A blood group type A disaccharide (GalNAc alpha
1-3Gal)-binding lectin has been purified from Dutch Iris (Iris
x hollandica) bulbs. This lectin agglutinates both native and
trypsin-treated rabbit erythrocytes, but not human erythrocytes,
irrespective of blood group type. The lectin is a heterodimer
consisting of two peptide chains (27 and 34 kDa) linked by
disulfide bonds.

The carbohydrate binding specificity of the lectin was
investigated by quantitative precipitation, hemagglutination
inhibition, and precipitation inhibition assays.
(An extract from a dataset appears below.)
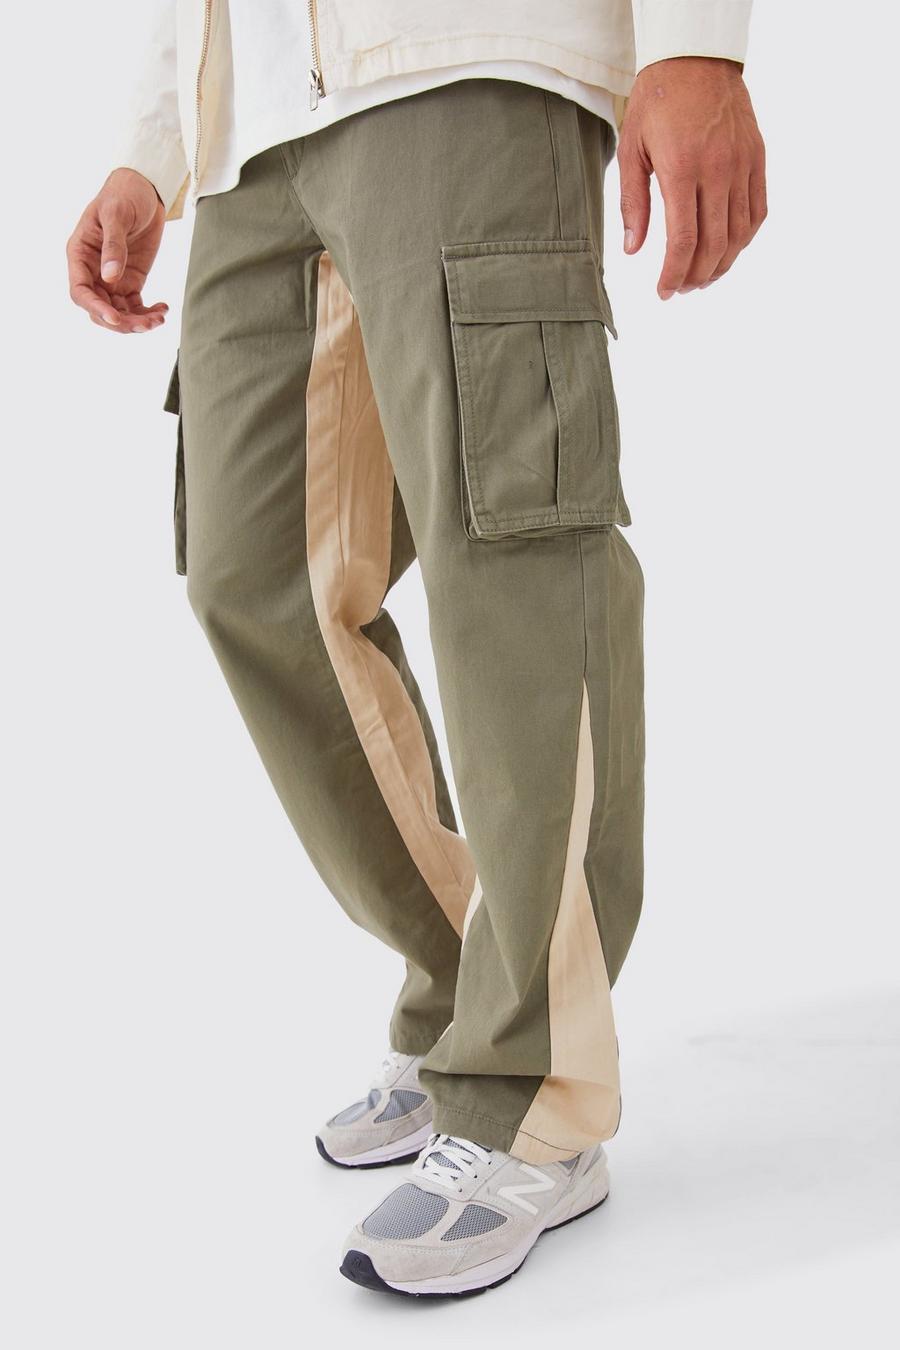 Men's Pants, Trousers & Slacks for Men

It is a Gal/GalNAc-specific lectin, with an extended carbohydrate
combining site, which appears to be most complementary to
GalNAc linked to the C-3 or C-6 hydroxyl group of galactose.
As inhibitors, these disaccharides are approximately 30-60
times more potent than galactose and 4-8-fold more active
than N-acetyl-D-galactosamine, whereas both the blood type
A trisaccharide (GalNAc alpha 1-3[L-Fuc alpha 1-2]Gal) and
the Forssman disaccharide (GalNAc alpha 1-3GalNAc) are
noninhibitory, suggesting the importance of a free equatorial
hydroxyl group at the C-2 position of the penultimate galactose
for lectin binding; either an acetamido group or a fucosyl
group at this position appears to cause steric hindrance, thus
abolishing binding to the lectin.1

REFERENCES

  1. Mo H, et al. J Biol Chem. 1994 Mar 11;269(10):7666-73.

Product Characteristics

Buffer 0.01M Phosphate – 0.15M NaCl, pH 7.2-7.4.
Blood Group N/A
Activity agglutinates native and trypsin-treated rabbit erythrocytes but not human erythrocytes.
Inhibitory Carbohydrate GalNAc alpha 1-3Gal beta-O
Molecular Weight Two peptide chains (27 and 34 kDa) linked by disulfide bonds.